Sunday, 10 April 2016

Expandable Space Station Module "BEAM"

With NASA taking a second look at expandable module technology beginning in early 2010, various options were considered, including Bigelow for providing what at the time was to have been a torus-shaped storage module, called the Bigelow Expandable Activity Module, for the ISS. One application of the toroidal BEAM design was as a centrifuge demo preceding further developments of the NASA Nautilus-X multi-mission exploration vehicle. In January 2011, Bigelow projected that this module could be built and made flight ready 24 months after a build contract was secured.

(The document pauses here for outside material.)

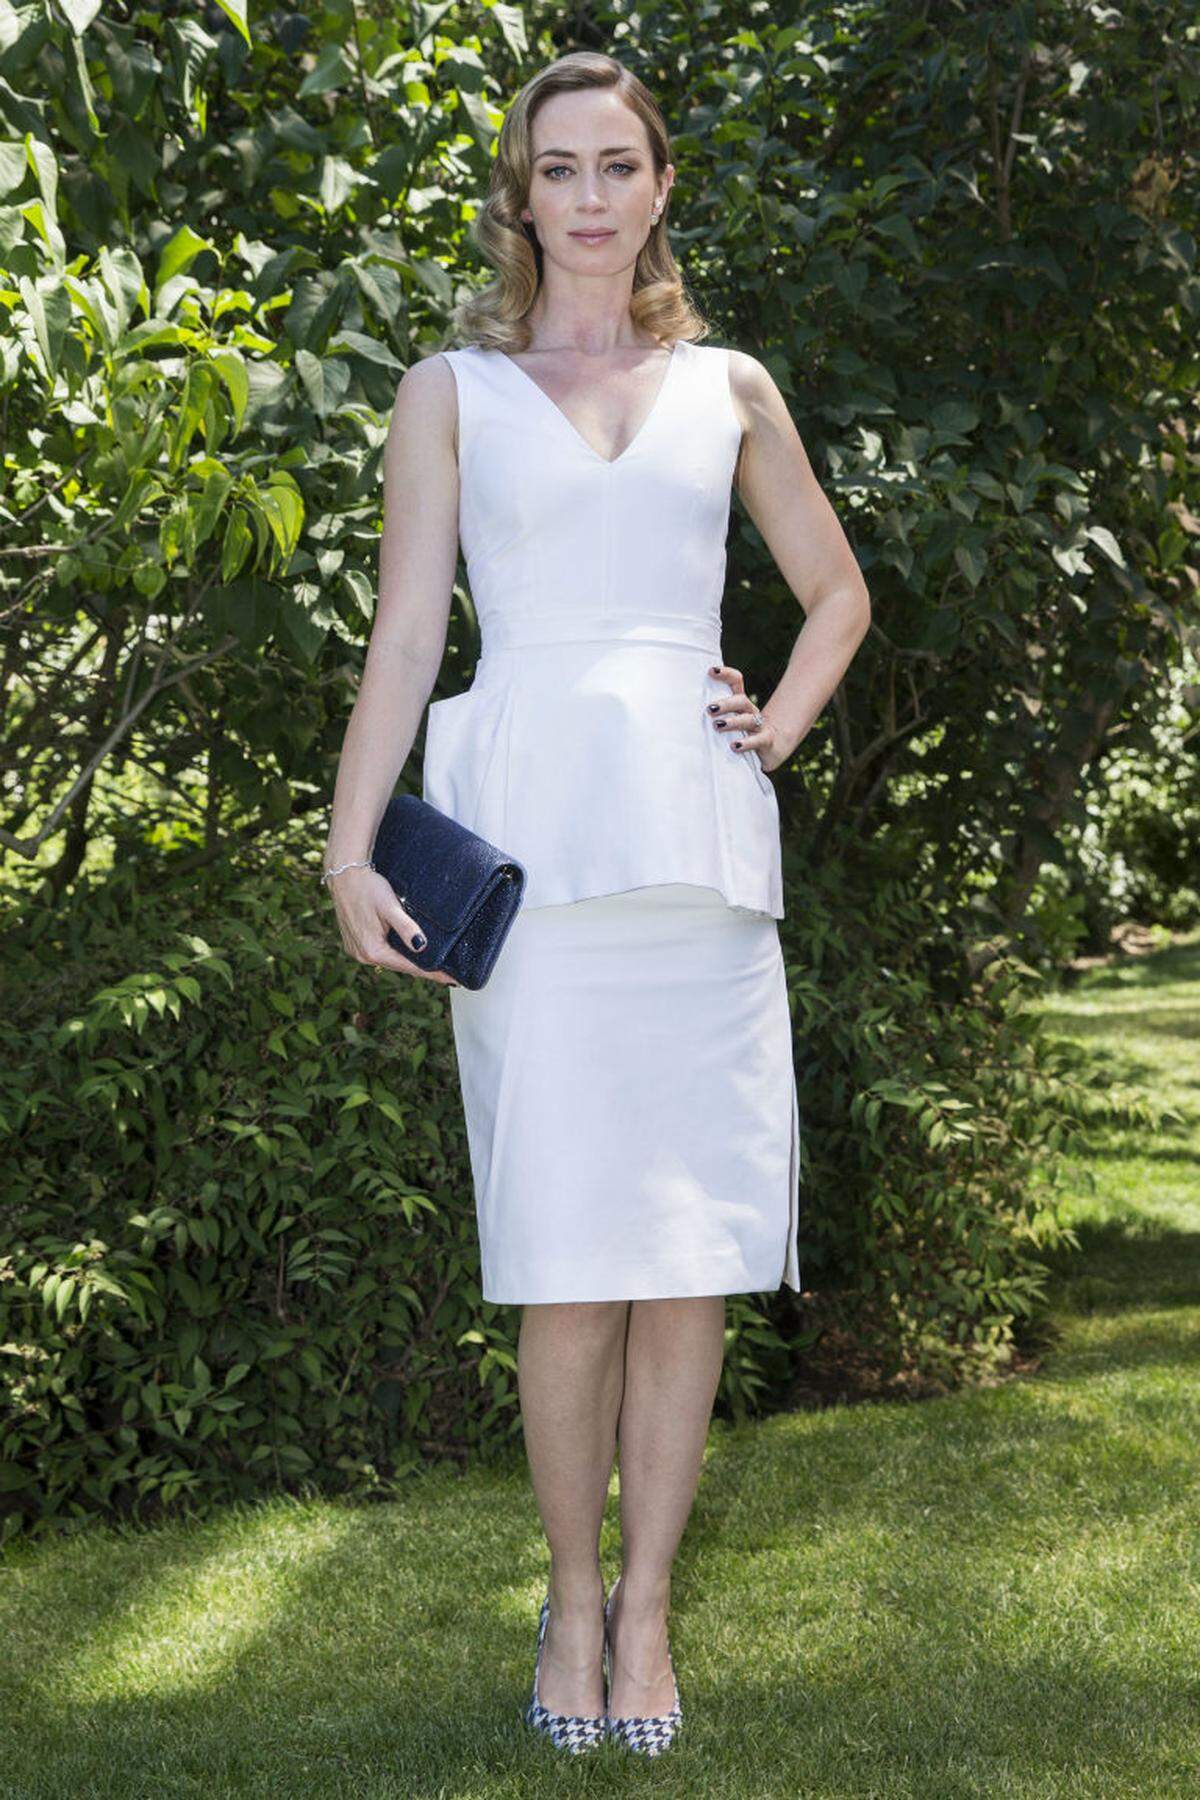 Die Schauspielerin Emily Blunt glänzte in sommerlichem Weiß - ebenfalls bei Dior.

The Bigelow Expandable Activity Module (BEAM) is an expandable habitat technology demonstration for the International Space Station. Expandable habitats greatly decrease the amount of transport volume for future space missions. These “expandables” are lightweight and require minimal payload volume on a rocket, but expand after being deployed in space to potentially provide a comfortable area for astronauts to live and work. They also provide a varying degree of protection from solar and cosmic radiation, space debris, atomic oxygen, ultraviolet radiation and other elements of the space environment. 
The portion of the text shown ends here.